Last Saturday’s Pittsburgh Penguins-Boston Bruins game, in which James Neal deliberately kneed Bruins winger Brad Marchand in the head, followed by Bruins enforcer Shawn Thornton attacking Penguins defenseman Brooks Orpik, elicited strong negative reaction from NHL fans and pundits.
Like them, I also felt disgust over those instances, but it was quickly replaced by the knowledge that whatever punishment the NHL meted out to Neal and Thornton would do little to reduce the instances of dirty play in the league.
Before I go further, this isn’t a rant against physical play in the NHL. The game is played at high speed, physical contact is part of it and no hockey fan wants to see body-checking eliminated from the game.
I could rant about the supposed lack of respect the players have toward each other compared to years past. But there’s been plenty of instances throughout hockey’s history of cheap-shots and reckless play, so lack of respect among NHL opponents isn’t a new issue.
In recent year a number of players past and present have voiced concerns about lack of respect, yet no one in the NHLPA appears willing to take necessary steps among the PA membership to address this problem. Oh, I’m sure it’s occasionally brought up during PA meetings, but it appears little of consequence emerges to force the membership to clean up its act on the ice.
The league may take a dim view of dirty play, and to its credit has in recent years introduced rules to reduce blindside hits (especially targeted hits to the head), but instances of dirty play as demonstrated by Neal and Thornton still abound.
Neal ultimately received a five-game suspension and promises he’ll behave in the future. Thornton’s actions were so egregious that, though he lacks a suspension history, he’ll probably received a punishment between 10-20 games to make an example out of him.
Whatever Thornton’s critics think of him, he’s not a player with a reputation for dirty play. He’s no Matt Cooke or Raffi Torres, whose recklessness displayed so much contempt for the rules that it took lengthy suspensions and the veiled threat of permanent banishment from the NHL to change their ways.
Over its long history, the NHL has cracked down on some of the more violent aspects of the game. Wild stick-swinging incidents, prevalent during the Original Six era, are a thing of the past. Bench-clearing brawls, commonplace up until the 1980s, are non-existent today. Line brawls involving every player on the ice are rare.
The league can, and undoubtedly will, implement rule changes to reduce the instances of dirty play, but the question is how long will it take to sufficiently address the problem. League general managers believe the rules are working, but when instances such as those which arose in the Bruins-Penguins game occur, it’s difficult to accept those claims at face value.
A growing number of critics also want fighting banished from the game, but that’s not going to happen anytime soon.

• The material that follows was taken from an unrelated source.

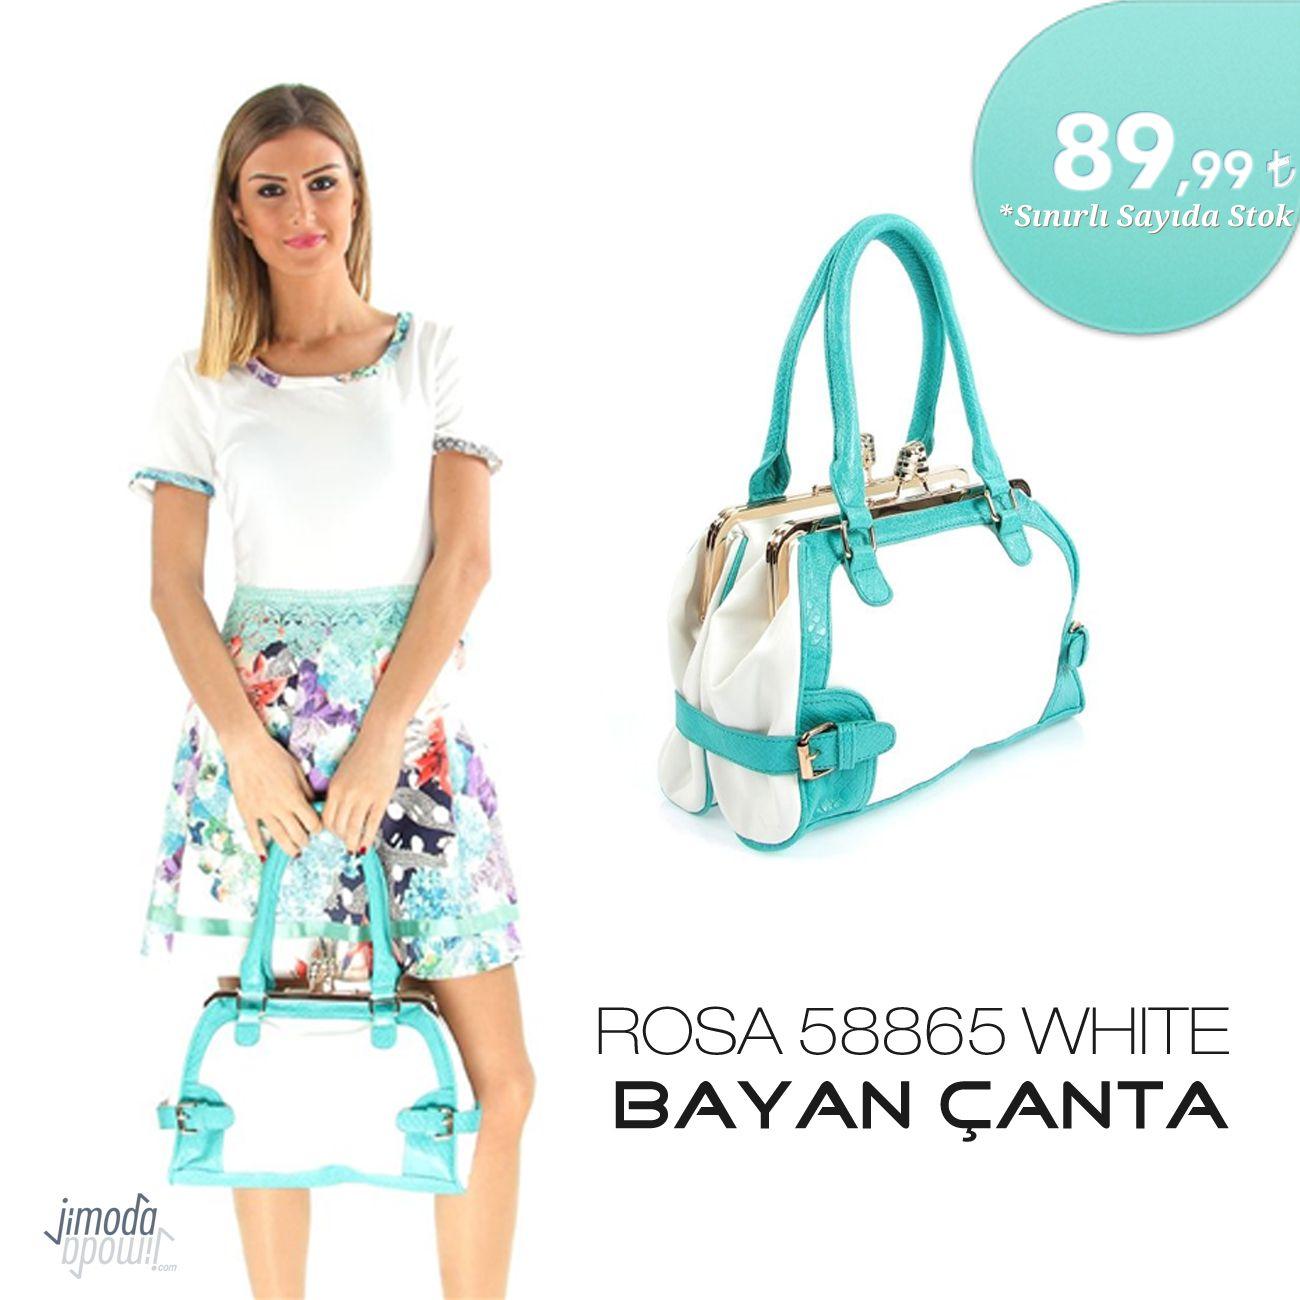 Her Kadinin Canta Koleksiyonunda Bulunmasi Gereken Bir Model Rosa 58865 White Bayan Canta Jimoda Com Da Canta Bag Bayan Giyim Akses Moda Canta Trendler
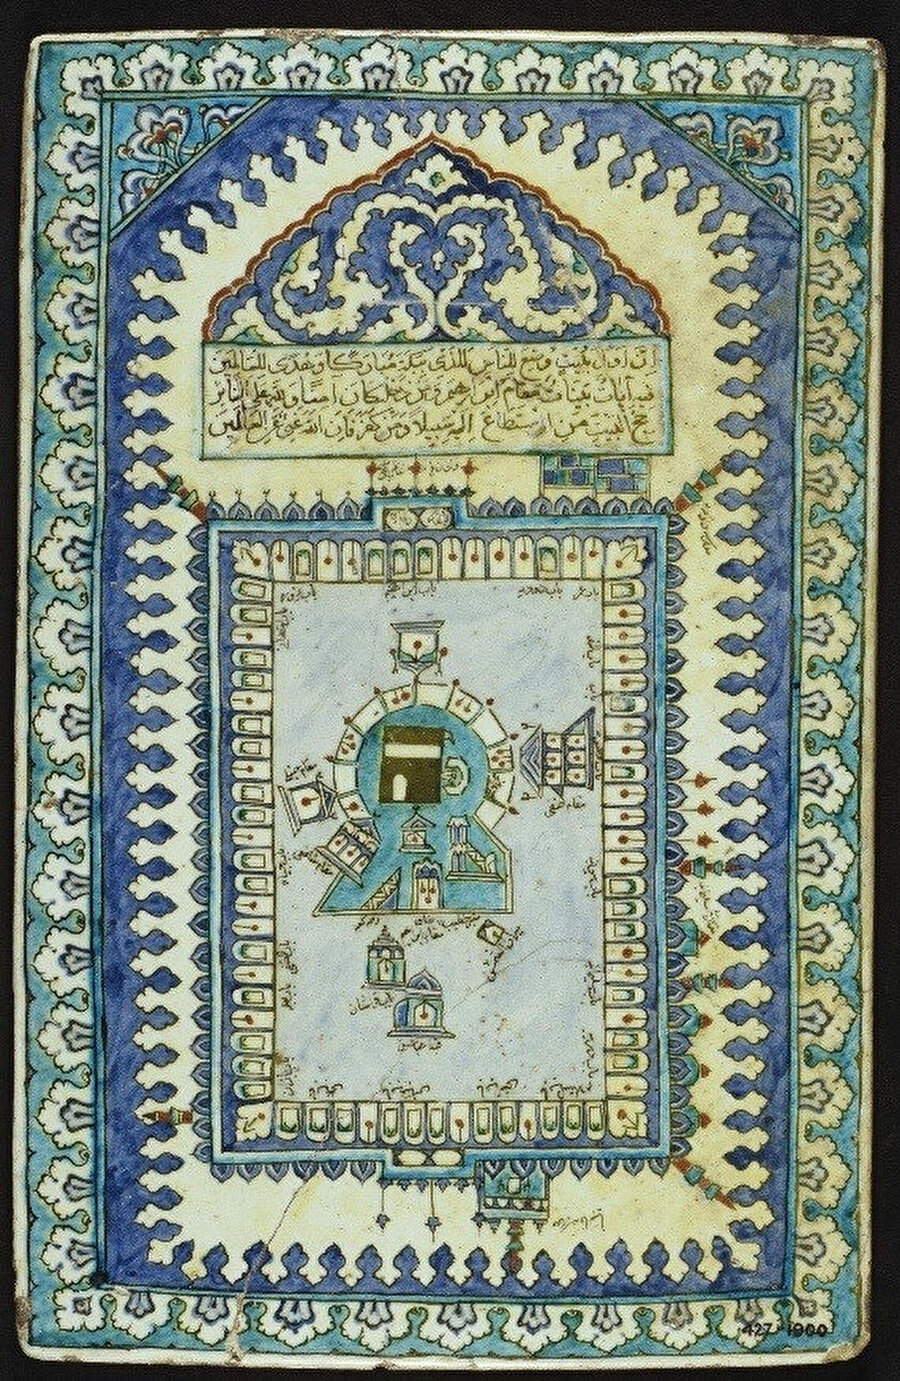 Kâbe tasvirli çini pano, Osmanlı, İznik, 1650, Victoria and Albert Museum, 427-1900

The majority of players believe it belongs in the game, but more importantly, so do a majority of hockey fans.
A long-standing myth among NHL fans is the belief commissioner Gary Bettman is trying to phase fighting out of the game. Bettman – who still gets wrongly blamed for the introduction of the “third man in” rule which ended line brawling (it was introduced the year before he became commissioner) – recently defended fighting, calling it a “safety valve” to release pent-up tension and emotion in the heat of a game.
If that sounds familiar to older NHL fans, that’s because former league president Clarence Campbell (who ruled from 1946 to 1977) used to say the same thing.
In 2009, Bettman and the NHL Board of Governors did attempt to eliminate staged fights between NHL enforcers, which almost always occurred early in a game , usually during a face off and ultimately had no effect upon the outcome of a game. The notion was shot down by the NHLPA, which wanted to protect the jobs of a handful of its membership renowned for their pugilistic skills than their playing ability.
Bettman doesn’t like the staged fights, but he obviously has no issue with heat-of-the-moment scraps. I also have no issue with those type of fights, but at the same time, I worry about the growing number of former enforcers now battling dementia brought about by years of repeated blows to the head. As more is known about CTE and its effect upon professional athletes in violent sports like hockey and football, the more pressure will be placed upon the NHL and the NHLPA to address the relevance of fighting in its product.
Hockey is also a very macho sport. The league and its fans revel in the toughness of its players. It’s often used as a selling point to attract new fans. League history is rife of stories of players who suffered serious injuries yet still laced up their skates, gritted through the pain, and kept playing. Hockey’s a tough sport, especially at the pro level.
The very thought of introducing rules to better protect the players is often derided by purists, who fear the “pansification” of the game. They claim the players need to police themselves, yet from what we’ve seen over the years, the players policing themselves usually results in dirty play like Thornton’s attack on Orpik.
The ongoing debate over violence in hockey won’t subside anytime soon. For every sensible argument raised against fighting and dirty play, counter-arguments are inevitably raised expressing concern that addressing one problem could give rise to a host of others.
Getting the NHL to implement significant change to its product is akin to turning a huge ocean liner. The league (when willing) is capable of change, but it is also very tradition-bound, meaning it takes years – even decades – to implement rules which ultimately improve the game.